Период процветания Клеменсов уже летом 1846 года закончился. Значительную роль в этом сыграл бизнесмен Айра Стаут, в 1843-м проигравший Клеменсу дело в суде; теперь он предъявил к оплате векселя на три тысячи долларов. Оплатить их было нечем. Стало лопаться терпение и у других кредиторов, а с собственных должников строгий судья взыскивать так и не научился. В сентябре он поехал в Теннесси, хотел продать землю, но предложенная сумма — три тысячи долларов — его не устроила: она могла спасти его, но не детей. Он боролся: в ноябре выдвинул свою кандидатуру на должность секретаря окружного суда — должность престижная и с твердым окладом, он считался фаворитом; возглавил Комитет по строительству железной дороги между Ганнибалом и Сент-Джозефом. 17 декабря Стаут подал новый иск, требуя продажи имущества, но дом спасли, фиктивно продав сент-луисскому родственнику, а тот сдал его Клеменсам практически бесплатно.

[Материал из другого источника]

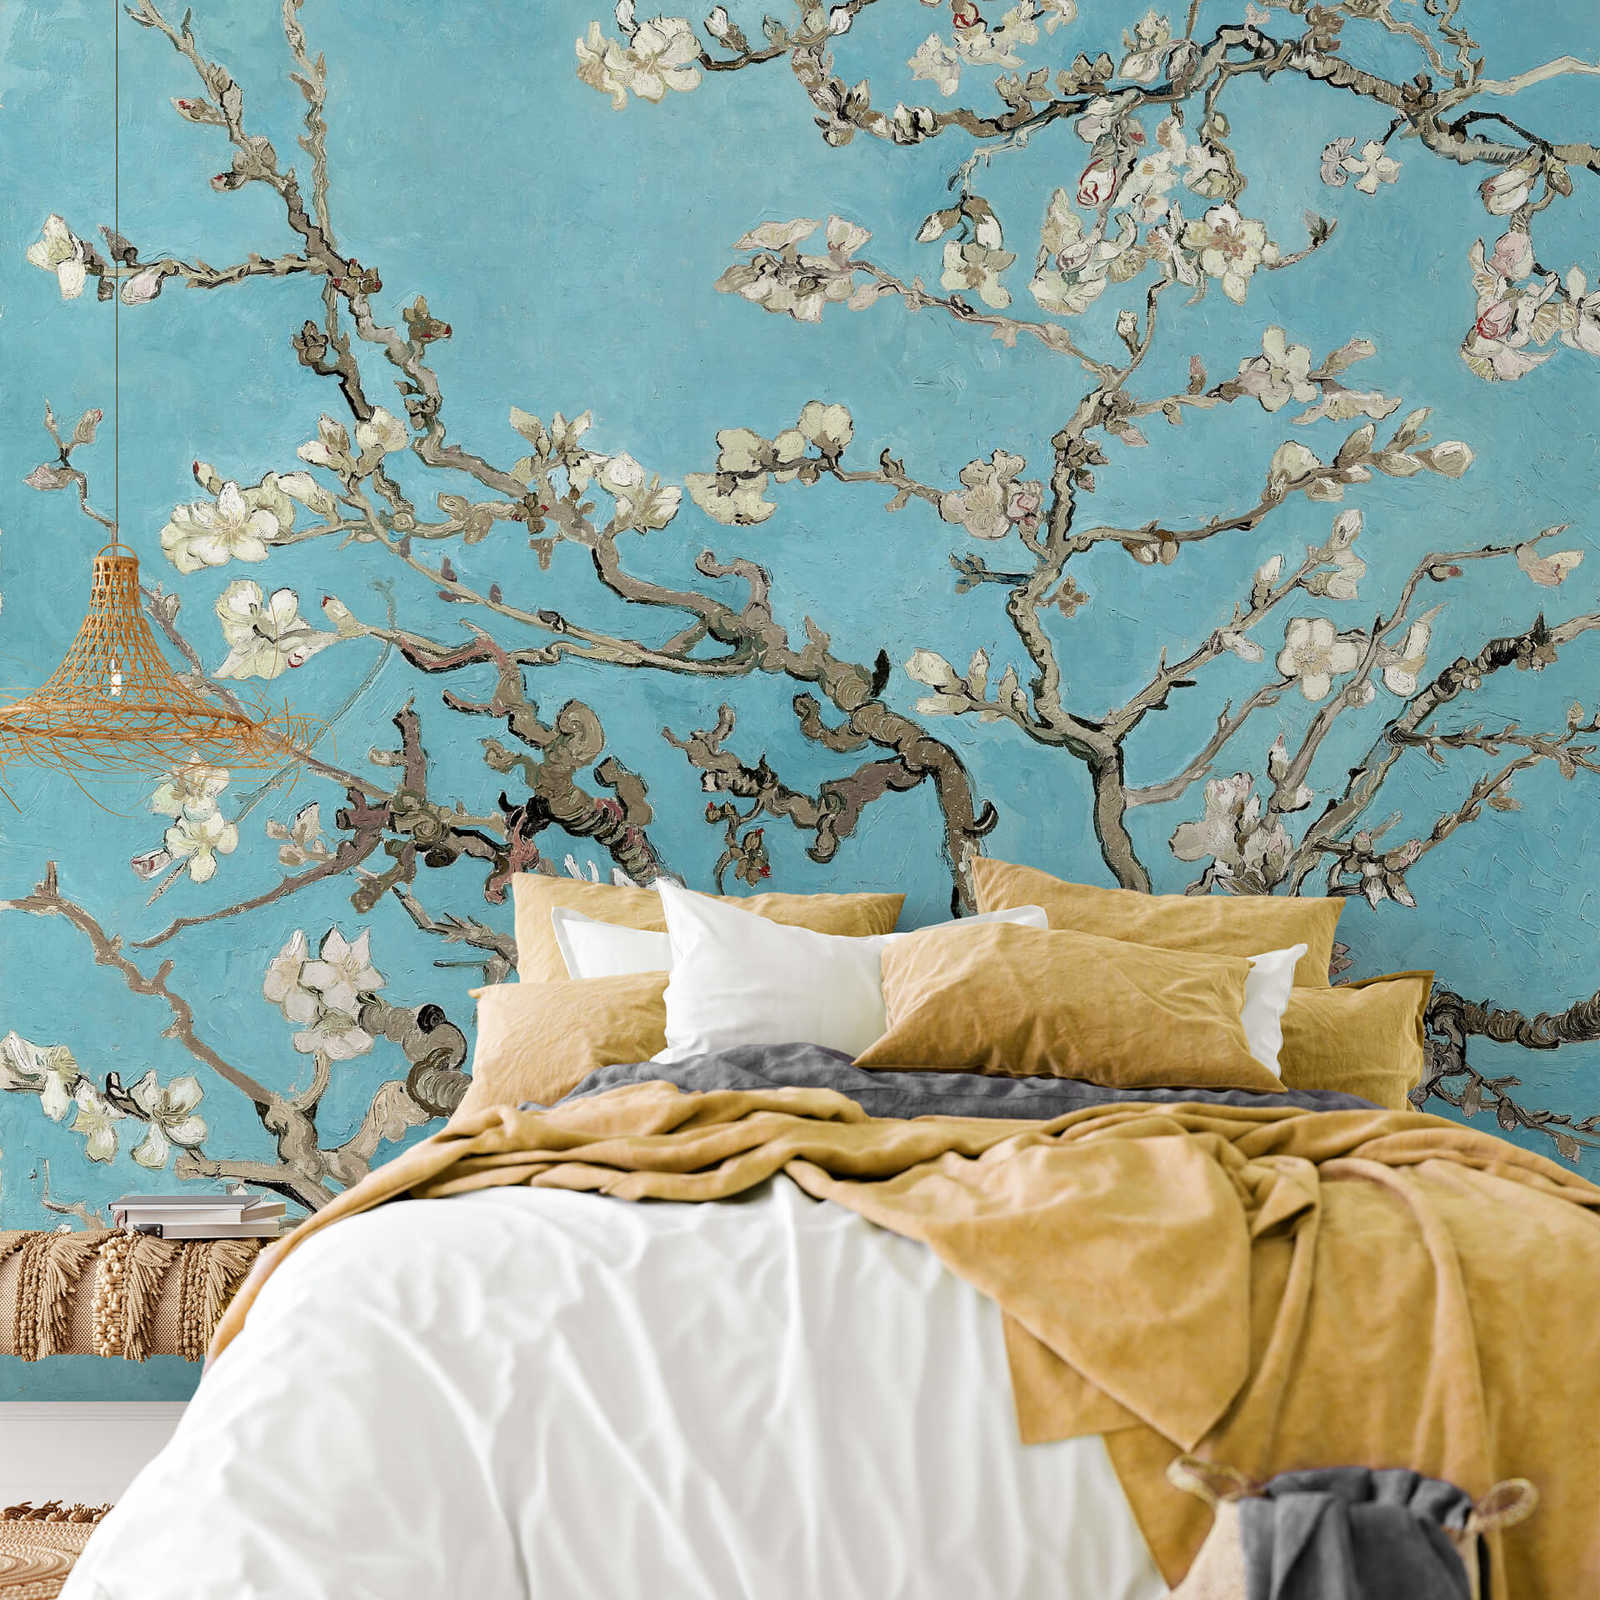             Papier peint panoramique Fleurs d'amandier - bleu, marron, blanc
        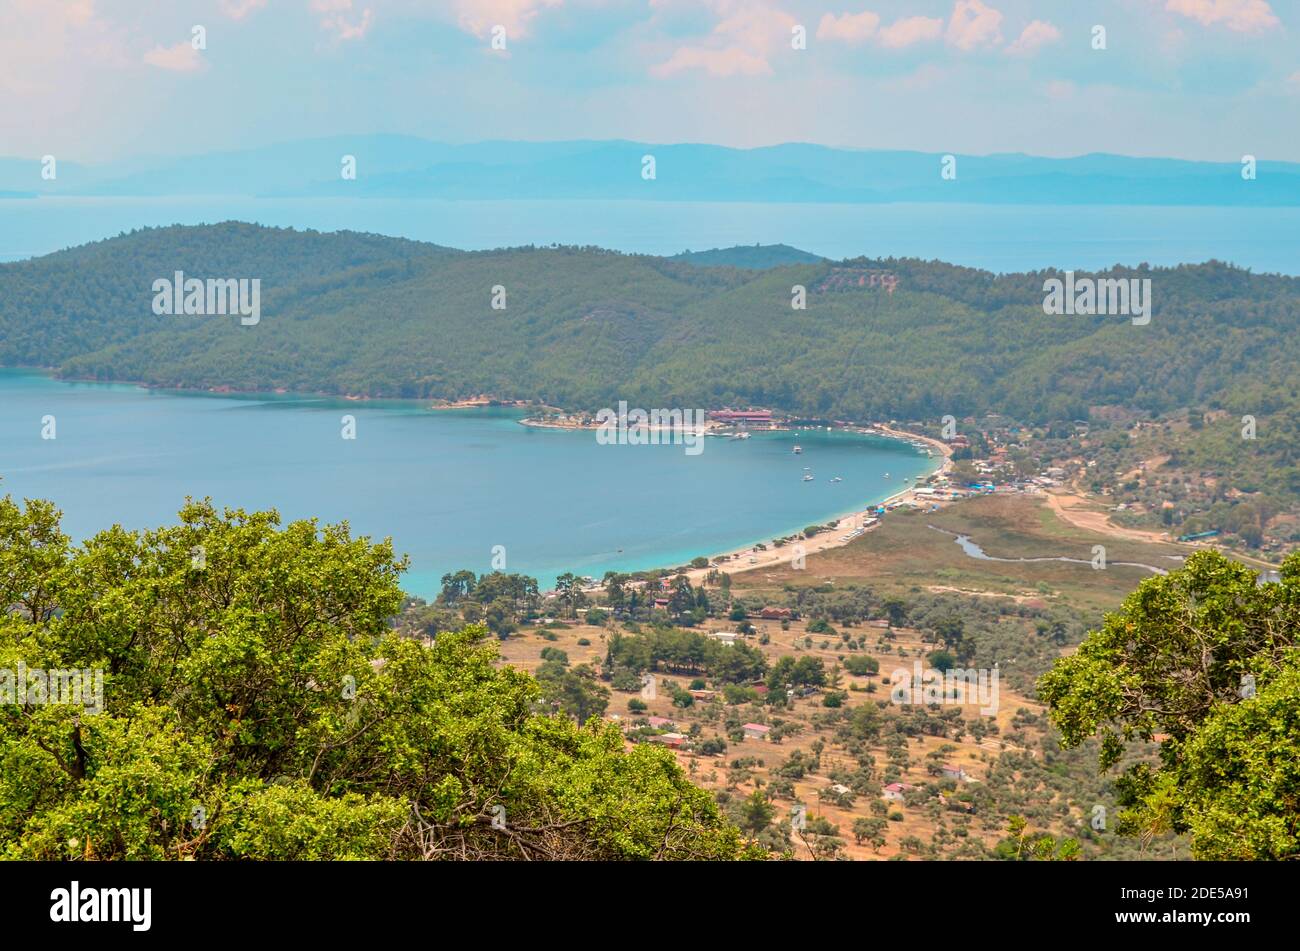 Vue de printemps sur la plage de la Turquie. Magnifique paysage marin de la mer Méditerranée. Banque D'Images

В январе 1847 года Джона избрали председателем Библиотечного общества Ганнибала, которое намеревалось организовать в городке высшее учебное заведение, а в феврале — секретарем суда. 11 марта окружной суд в Пальмире принял решение взаимно зачесть их со Стаутом претензии и закрыть дело; казалось, начинается новая жизнь, счастливая, обеспеченная.